If a beneficiary files an objection within 15 days, the executor cannot proceed without a court hearing. If no one objects, the sale closes without a hearing — saving months of court time. Other states (notably Washington and Michigan) have analogous notice-and-objection mechanisms.

### Court-confirmed sale with overbidding

Under California's IAEA with limited authority, or under supervised administration in many states, the accepted offer must be confirmed at a court hearing. The executor files a Report of Sale and Petition for Order Confirming Sale. At the hearing, the court can take **overbids** — competing offers from other buyers in open court — provided the new bid exceeds a statutory minimum.

Per [California Probate Code section 10311](https://leginfo.legislature.ca.gov/faces/codes_displaySection.xhtml?lawCode=PROB&sectionNum=10311.), the minimum first overbid in California is **10% of the first $10,000 plus 5% of the balance** of the original accepted offer. For a $500,000 accepted offer, the minimum first overbid is $526,000 ($1,000 + $24,500 + $500,000, rounded).

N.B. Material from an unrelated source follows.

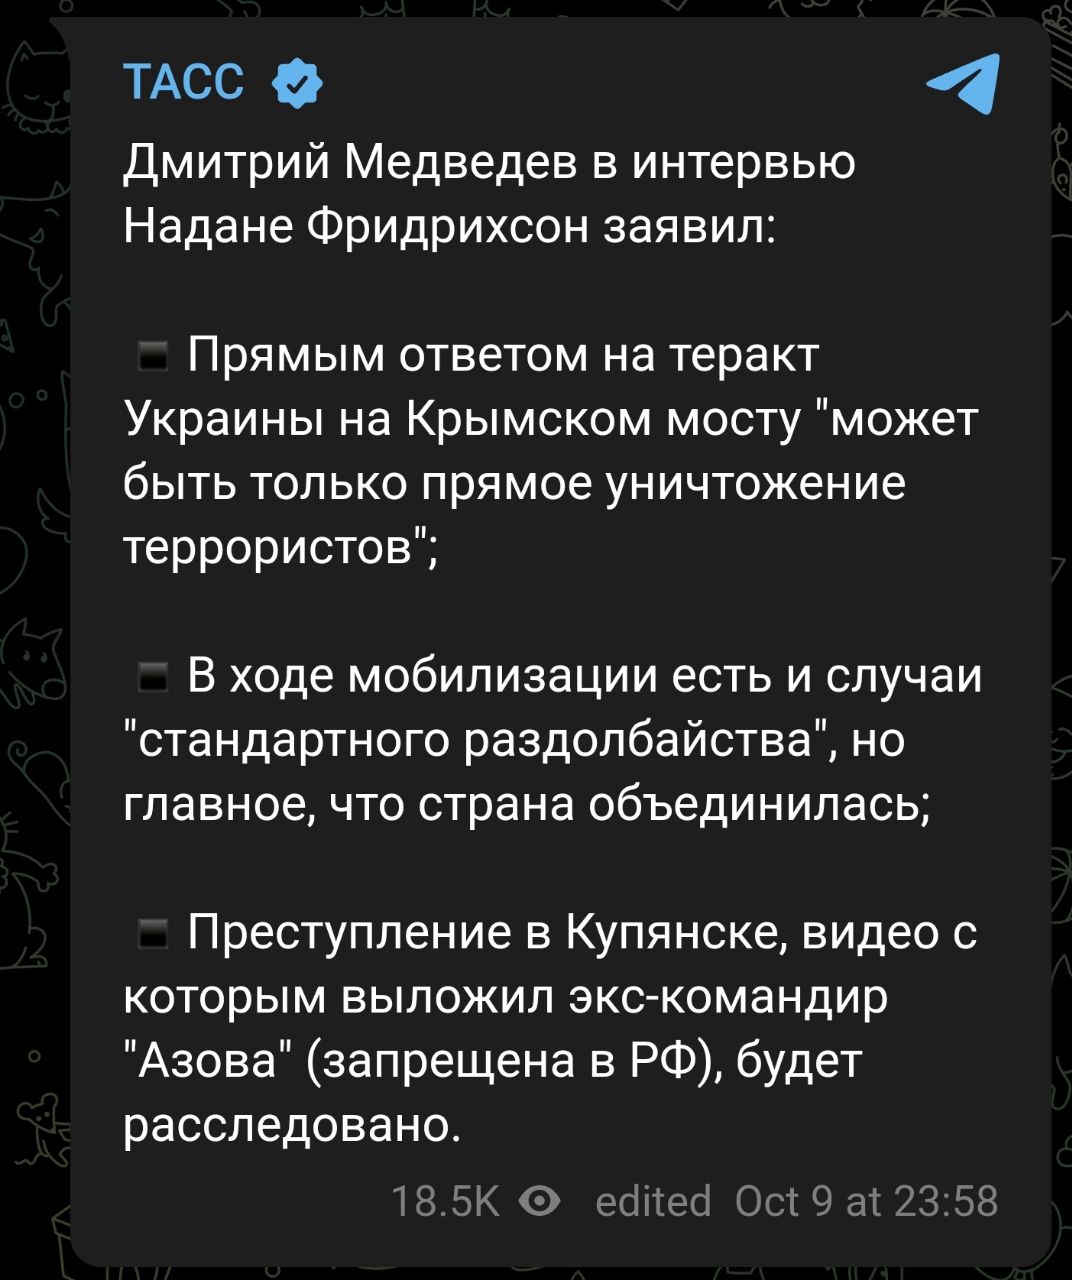 Алкоголик Медведев заявил, что «Россия должна ответить на теракт Украины против Крымского моста только прямым уничтожением террористов»🤡

After the first overbid, the judge sets subsequent minimum increments.

Court-confirmed sales create real uncertainty for the original buyer, who may lose the property at the hearing despite winning in escrow. They also typically extend the timeline by 30 to 45 days for the confirmation hearing to be scheduled.

## How long does selling a house in probate take?

Probate house sales take significantly longer than typical real estate transactions. According to a [Clever Real Estate analysis](https://listwithclever.com/probate-sale/colorado/), probate property sales commonly run **9 to 24 months** end-to-end, versus the typical 60-day window for a non-probate sale.

A few common breakdowns:

| Phase | Typical duration |
| --- | --- |
| Opening probate (petition to Letters) | 4–8 weeks |
| Creditor notice period | 3–12 months (state-dependent; 4 months in California, 6 months in Texas, 3 months in Florida) |
| Marketing and accepting an offer | 30–90 days |
| Notice of Proposed Action review (where applicable) | 15 days |
| Court confirmation hearing (where applicable) | Adds 30–60 days |
| Closing and proceeds distribution | 14–45 days after acceptance/confirmation |
| Final accounting and probate closure | 30–180 days after distribution |

Most probate sales close within **6 to 12 months** of the death, with another few months to formally close the estate. The biggest delays are: missing or contested wills, multiple heirs, complex or multi-state assets, large creditor claims, and supervised administration with court confirmation.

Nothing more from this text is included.